File with object – file services allow data to be read/written interchangeably between file and object. Users can (for example) write with file and read with object.

Both solutions exploit the benefit of running as an object store, including features that can’t easily be implemented in a traditional file platform. For example, data can be distributed geographically in an object store without having to entirely replicate the data. Placing a file system on top allows the file system to be made accessible in multiple locations much more cost-effectively and with reduced complexity.

File On Object

Running a file server on an object store provides the back-end scaling features of an object store, with the normal usability features of file. In many cases the end user doesn’t know or need to care that the physical storage medium is object. OneBlox from Exablox is one example of this kind of solution. A OneBlox implementation consists of a cluster or ring of nodes that together operate as a large object and key-value store. Data is split, de-duplicated and compressed as it is stored across the ring.

The open source Ceph file system platform is another example where POSIX-compliant file systems are created and stored on top of an object store (RADOS). The RADOS component focuses on managing the physical resources, while the file system layer manages logical access, security and data integrity.

With solutions like OneBlox and Ceph, data on the object store is in a proprietary format, so can’t be accessed directly as objects. Cloudian recently announced HyperFile, an appliance that integrates with HyperStore to provide file services and uses HyperStore as the secure repository. CTERA partners with companies like IBM Cleversafe and DDN to offer global file storage, backed by either public or on-premises object stores.

File With Object

Accessing file with object is the scenario where data can be stored and retrieved through either object or file protocols interchangeably. Data could, for example, be written by a traditional application with NFS or SMB and then analysed using the object store interface. Why is this useful? Well, it means applications that already store data on a file system don’t have to be rewritten. Object interfaces can be used to perform tasks that would otherwise slow down a traditional file system, such as high-performance scanning of data. Processing data for analytics purposes is usually a read-only process, so all of the file locking and security issues are simplified or not relevant.
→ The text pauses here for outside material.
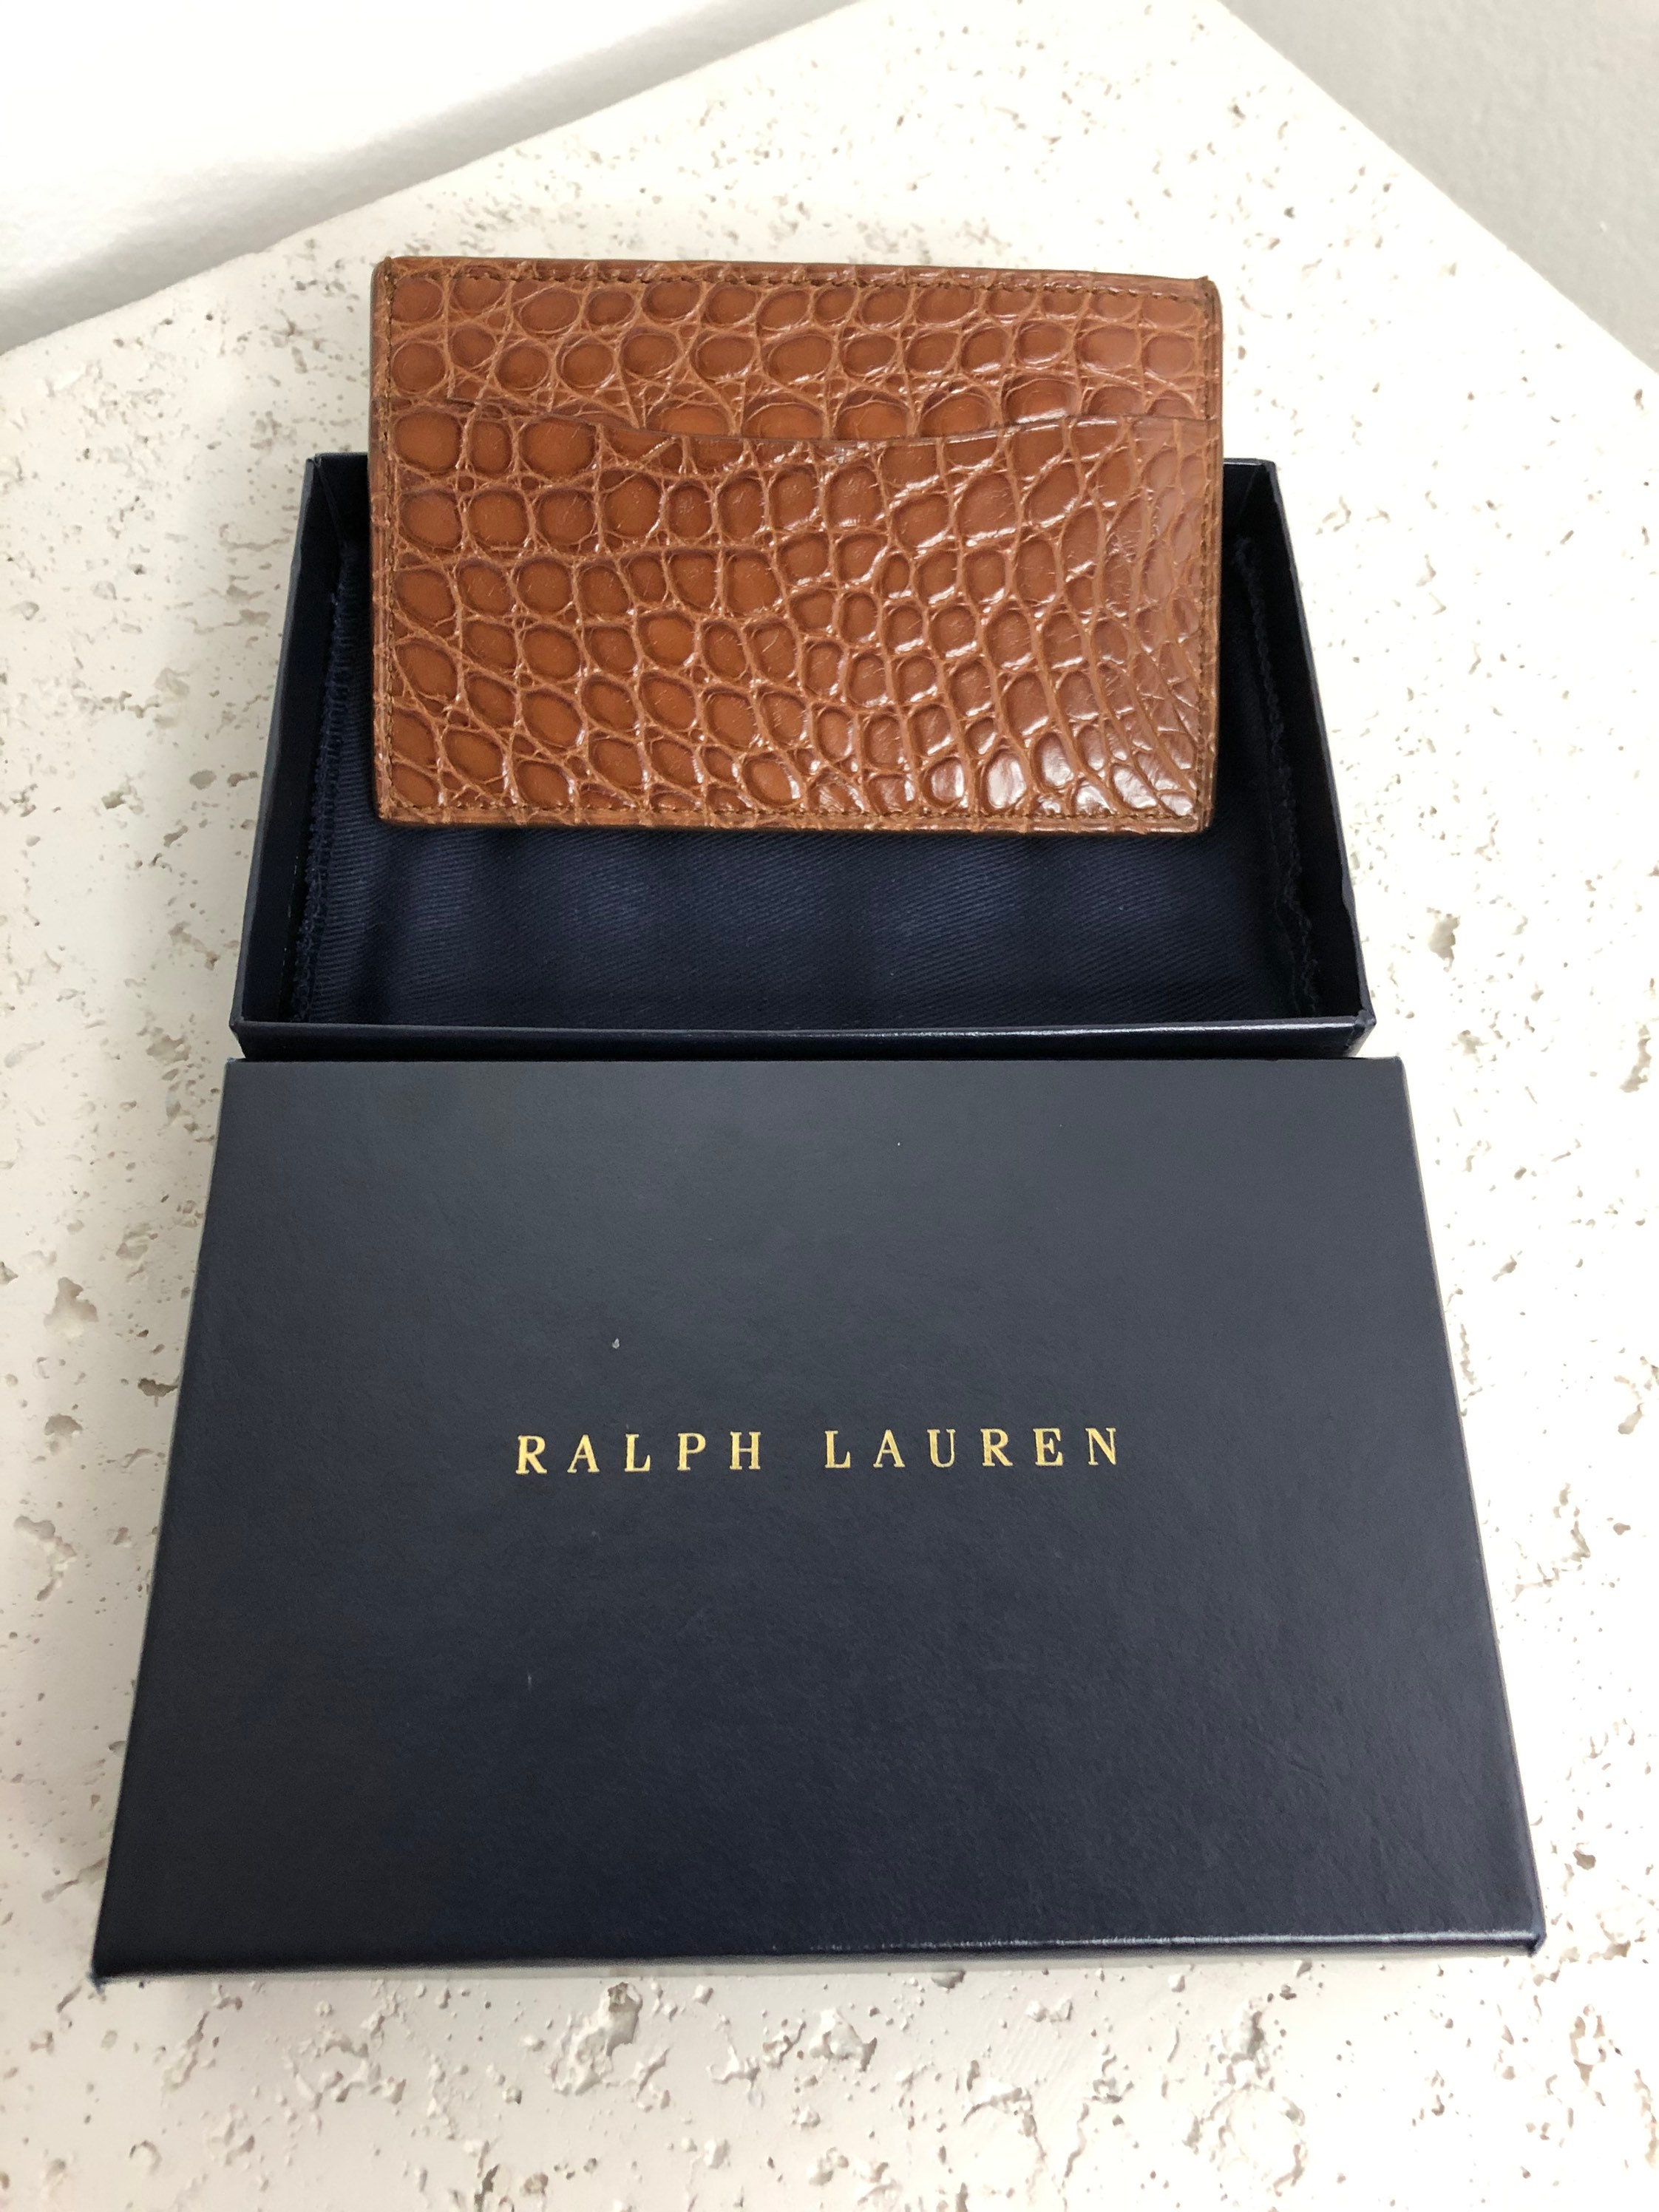 Ralph Lauren card wallet | Etsy
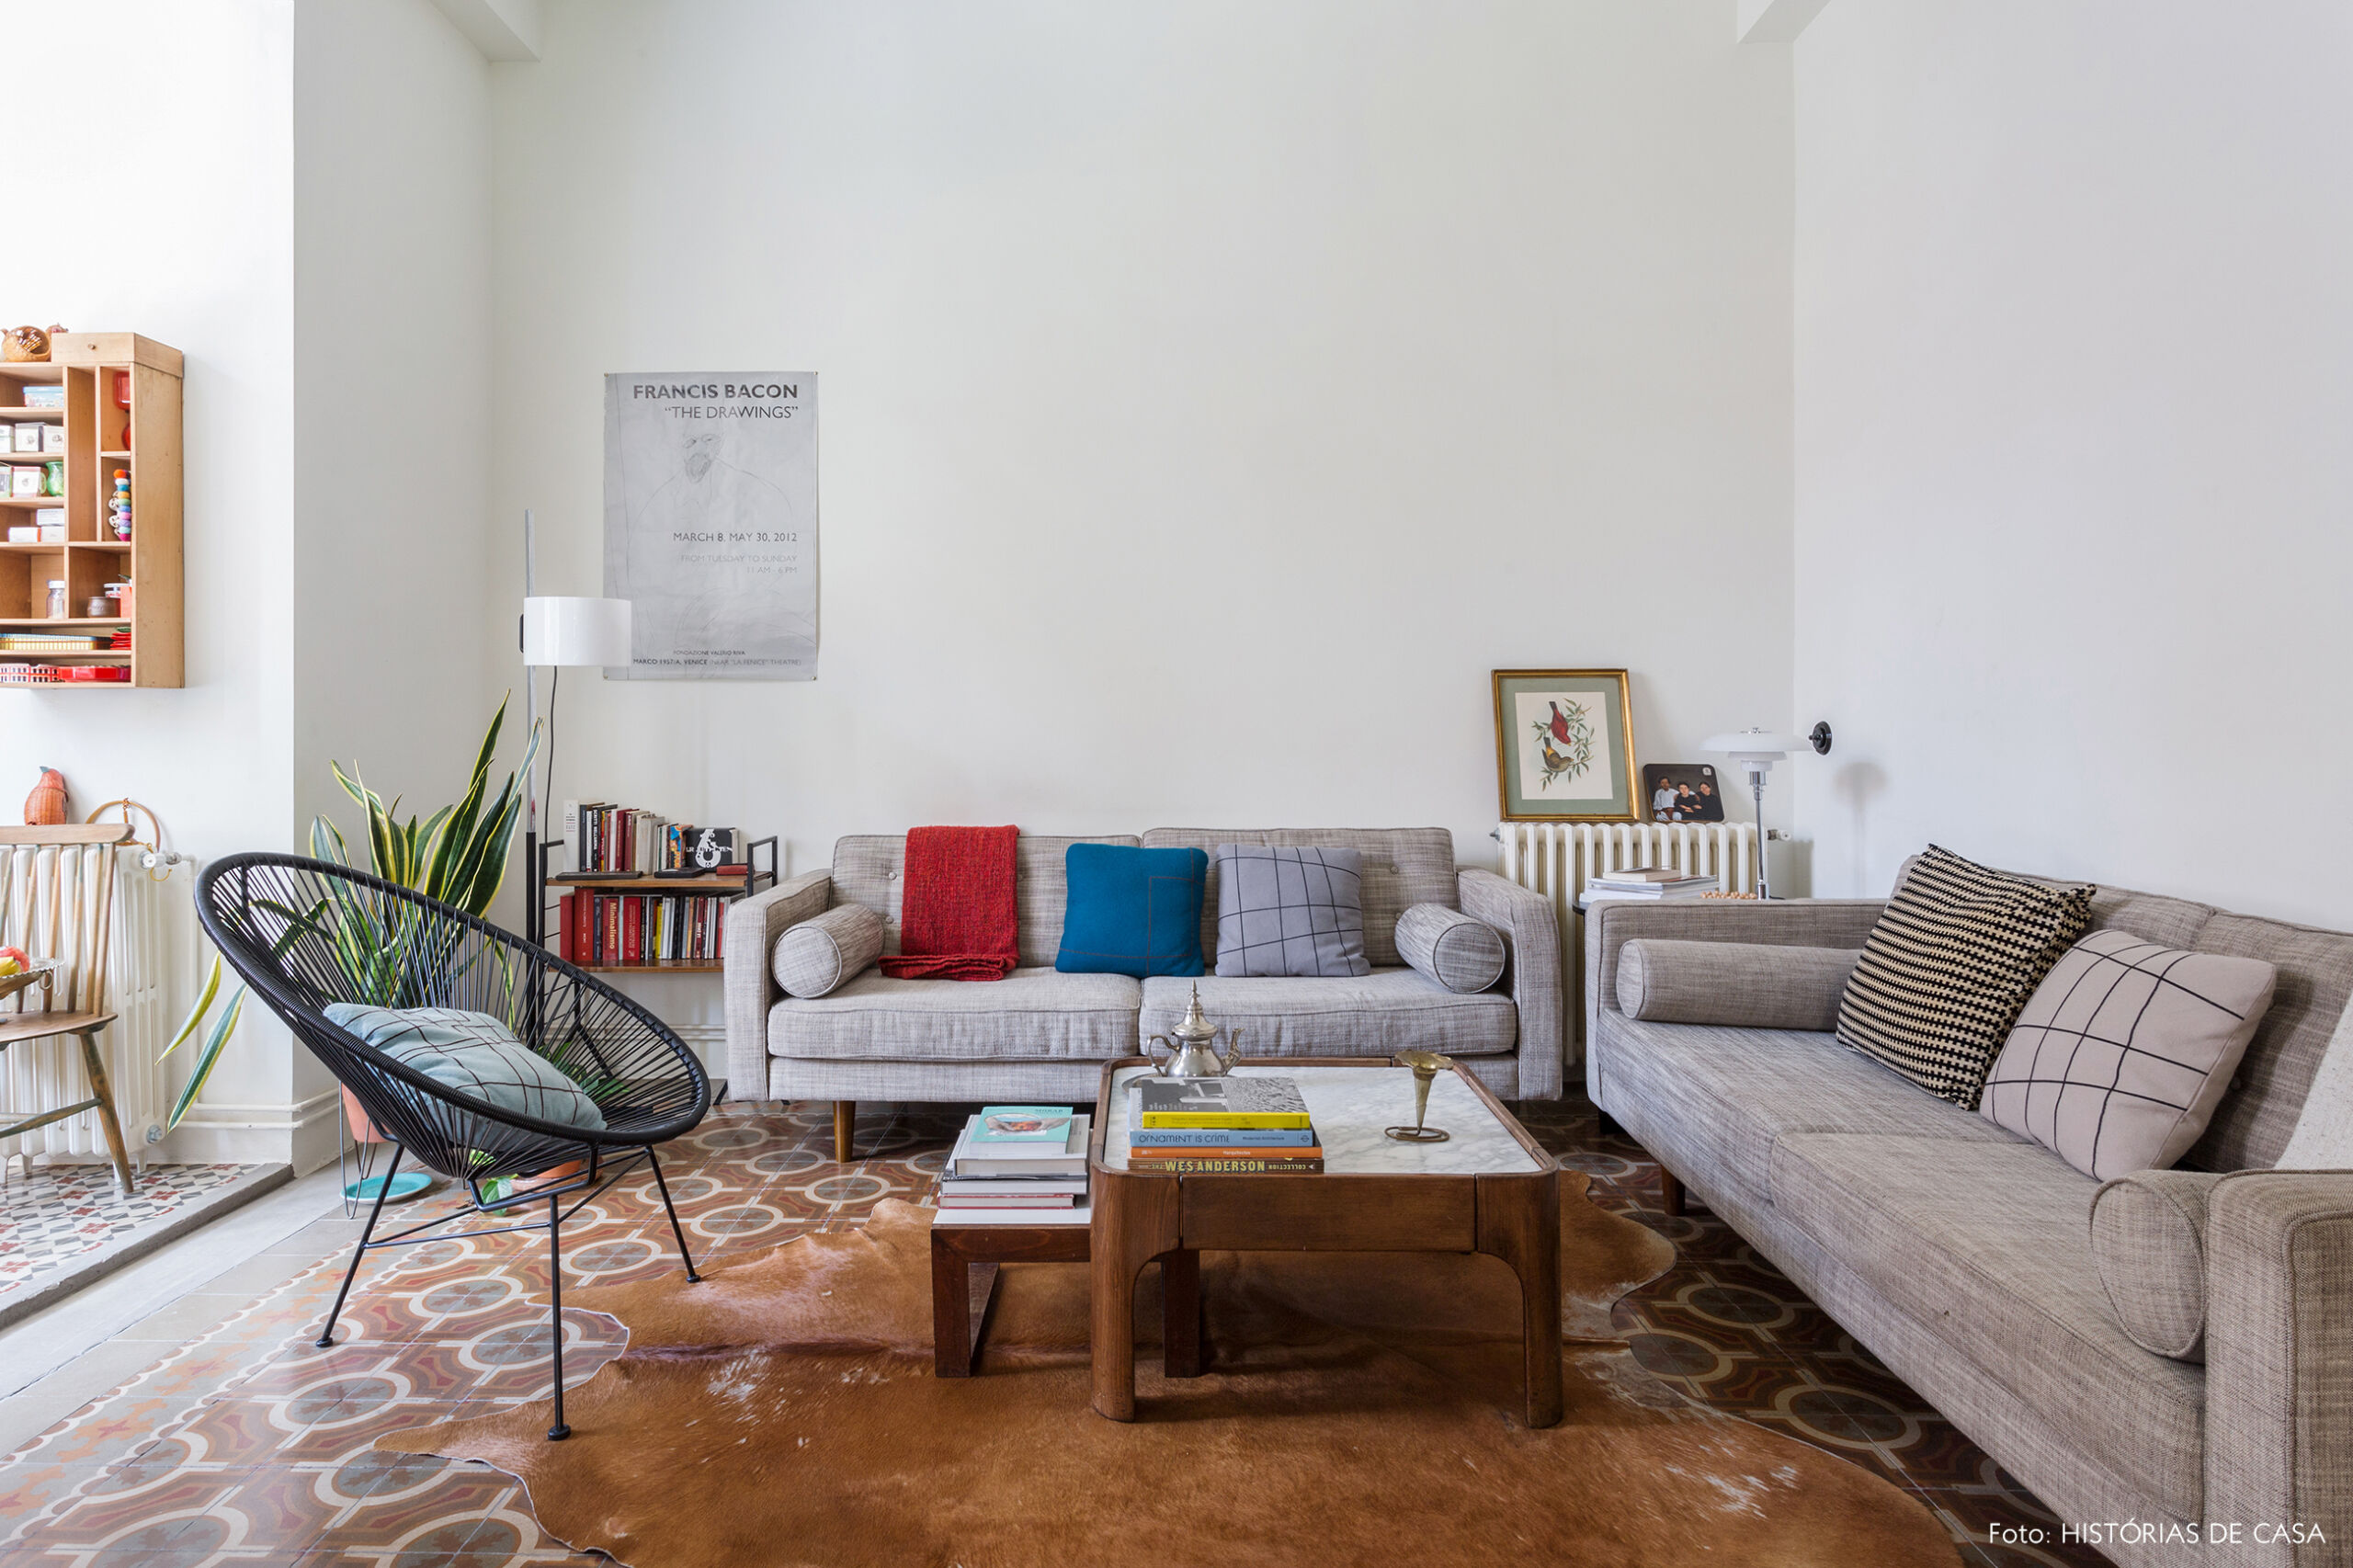 Apartamento em Barcelona com piso de ladrilhos na sala

Vendor File With Object Solutions

Support for File With Object is now quite widespread in the industry. SwiftStack recently announced support for SwiftStack 6, which includes bi-directional file/object support. OpenIO provides a FUSE connector that maps files to objects. Data can be read/written to the file system, with object support restricted to read-only for data integrity purposes. Scality RING provides the capability to access data stored on SOFS (Scale-out File System Connector) using SMB, NFS or FUSE protocols with the S3 API. Hitachi Vantara’s HCP platform has had the ability to read content stored with object protocols through standard file APIs, including NFSv3, SMB 3 and WebDAV. Caringo provides multi-protocol access to data in Swarm through SwarmNFS, implemented as a lightweight stateless Linux process.

The Architect’s View

Blurring the lines between object and file provides some scalability and efficiency benefits to the enterprise. Where POSIX compliance isn’t required, data can be accessed quickly and efficiently as objects, making analytics easier to integrate, especially with public cloud. Imagine today’s network of CCTV devices that write video to a file share, but could be analysed in the Public Cloud as object content. There are some issues to consider, such as how file locking and data integrity is managed on a global basis. These are non-trivial issues to solve (but have been resolved already).

Again, we’re seeing the abstraction of the underlying storage media and a greater focus on the data and what can be done with it.